To create the Amazon ML role

  1. Use the following permissions policy to create a role for Amazon ML in the IAM console. The permissions policy creates a role that gives permission to create and modify Amazon Elastic Compute Cloud (Amazon EC2) and Amazon Redshift security groups, and configures read and write access to the Amazon S3 location where data uploaded from Amazon Redshift will be stored.

    { "Version": "2012-10-17", "Statement": [{ "Action": [ "ec2:DescribeSecurityGroups", "ec2:AuthorizeSecurityGroupIngress", "ec2:CreateSecurityGroup", "ec2:DescribeInternetGateways", "ec2:RevokeSecurityGroupIngress", "s3:GetObject", "s3:GetBucketLocation", "s3:GetBucketPolicy", "s3:PutBucketPolicy", "s3:PutObject", "redshift:CreateClusterSecurityGroup", "redshift:AuthorizeClusterSecurityGroupIngress", "redshift:RevokeClusterSecurityGroupIngress", "redshift:DescribeClusterSecurityGroups", "redshift:DescribeClusters", "redshift:ModifyCluster" ], "Effect": "Allow", "Resource": [ "*" ] }] }

    For more information about creating a role for Amazon ML, see Creating a Role to Delegate Permissions to an AWS Service in the IAM User Guide.

  2. After you create a role for Amazon ML, create a trust policy for the role, and attach the trust policy to the role. The trust policy controls who is allowed to assume the role. The following trust policy allows Amazon ML to assume the role that is defined in the preceding example.
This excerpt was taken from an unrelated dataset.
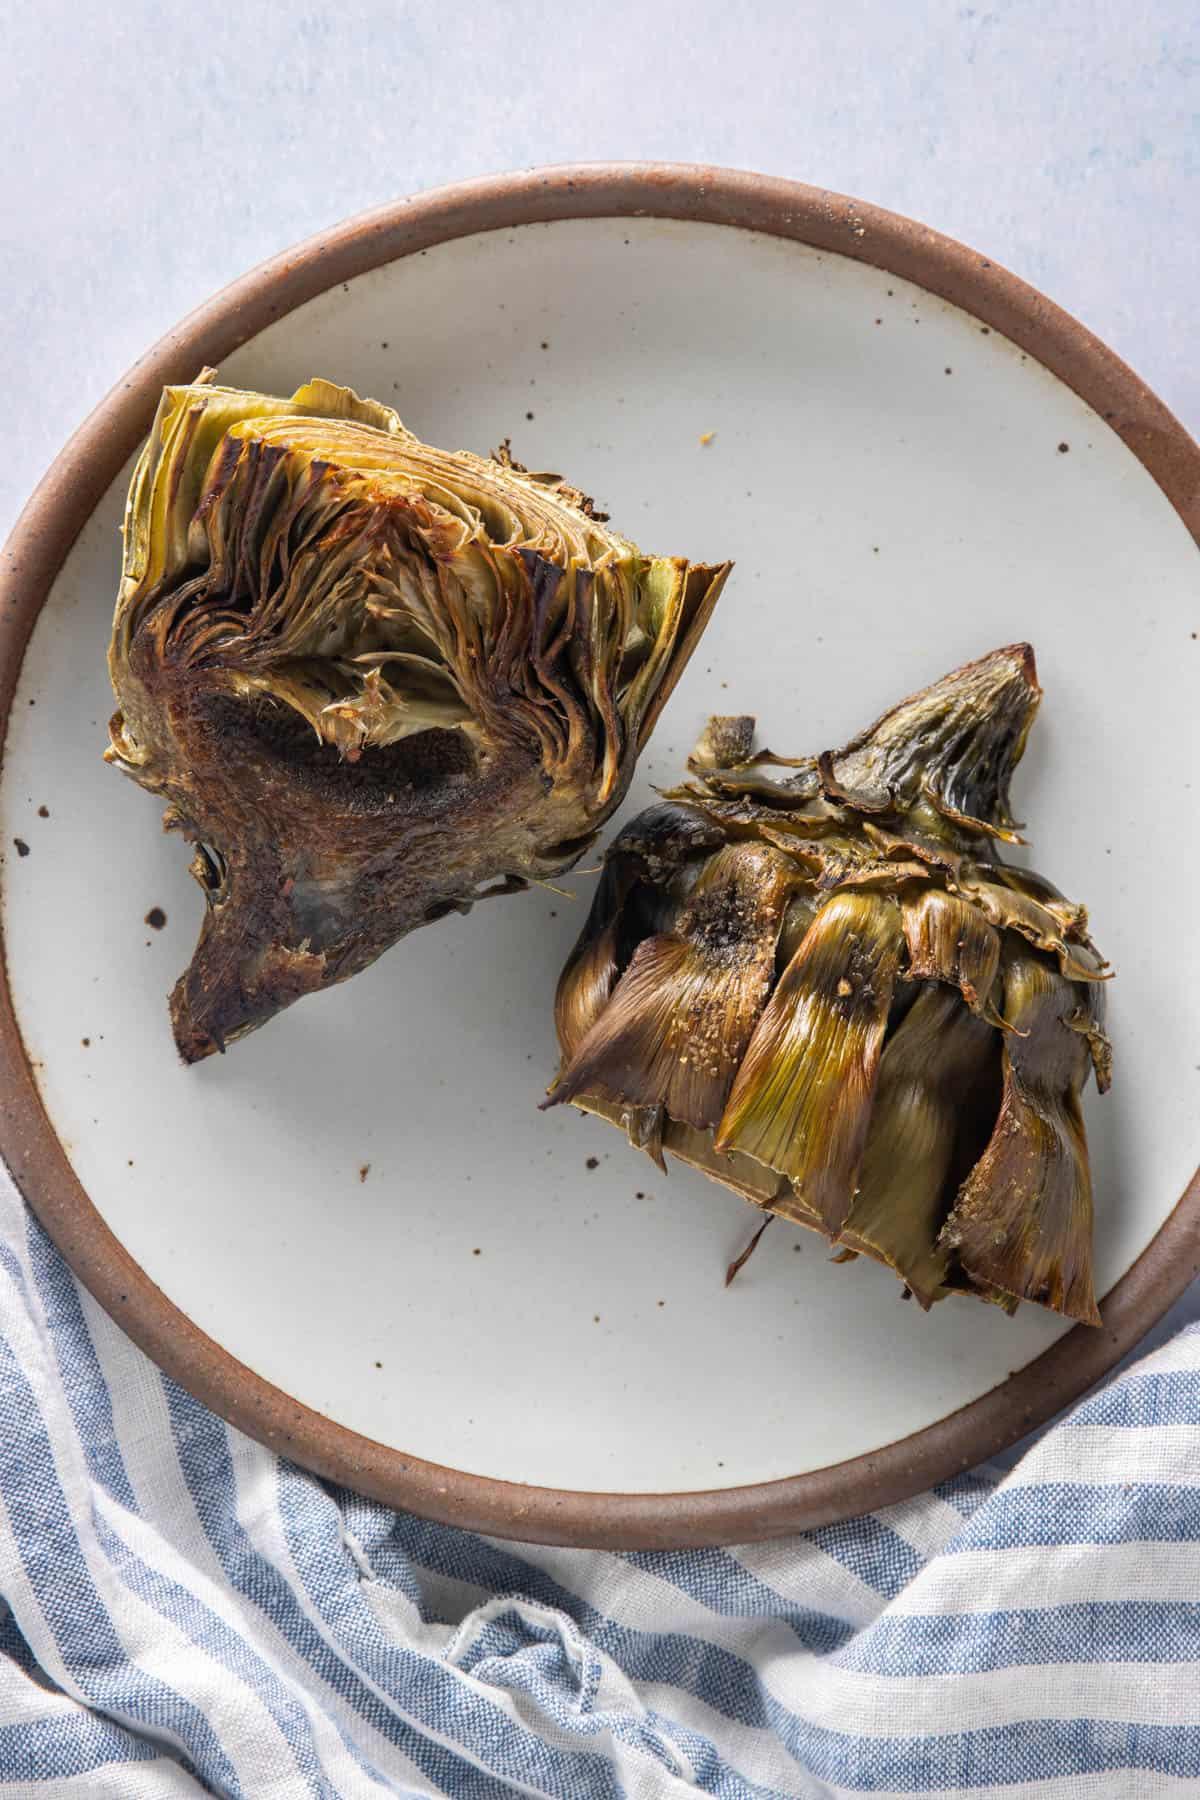 Air fried artichokes on a plate

    { "Version": "2008-10-17", "Statement": [{ "Sid": "", "Effect": "Allow", "Principal": { "Service": "" }, "Action": "sts:AssumeRole" }] }

    For more information about adding a trust policy to a role, see Modifying a Role in the IAM User Guide.

  3. To allow your IAM user to pass the role that you just created to Amazon ML, you must attach a permissions policy with the iam:PassRole permission to your IAM user. If necessary, you can restrict your IAM user to passing specific roles by replacing the * in the Resource field with the ARN of the role that you want to pass. To pass a role to Amazon ML, attach the following policy to your IAM user.

    { "Version": "2012-10-17", "Statement": [{ "Effect": "Allow", "Action": [ "iam:PassRole" ], "Resource": [ "*" ] }] }

After you have created and configured the role, the trust policy, and your IAM user, you can use the Amazon ML console to create a datasource from Amazon Redshift data.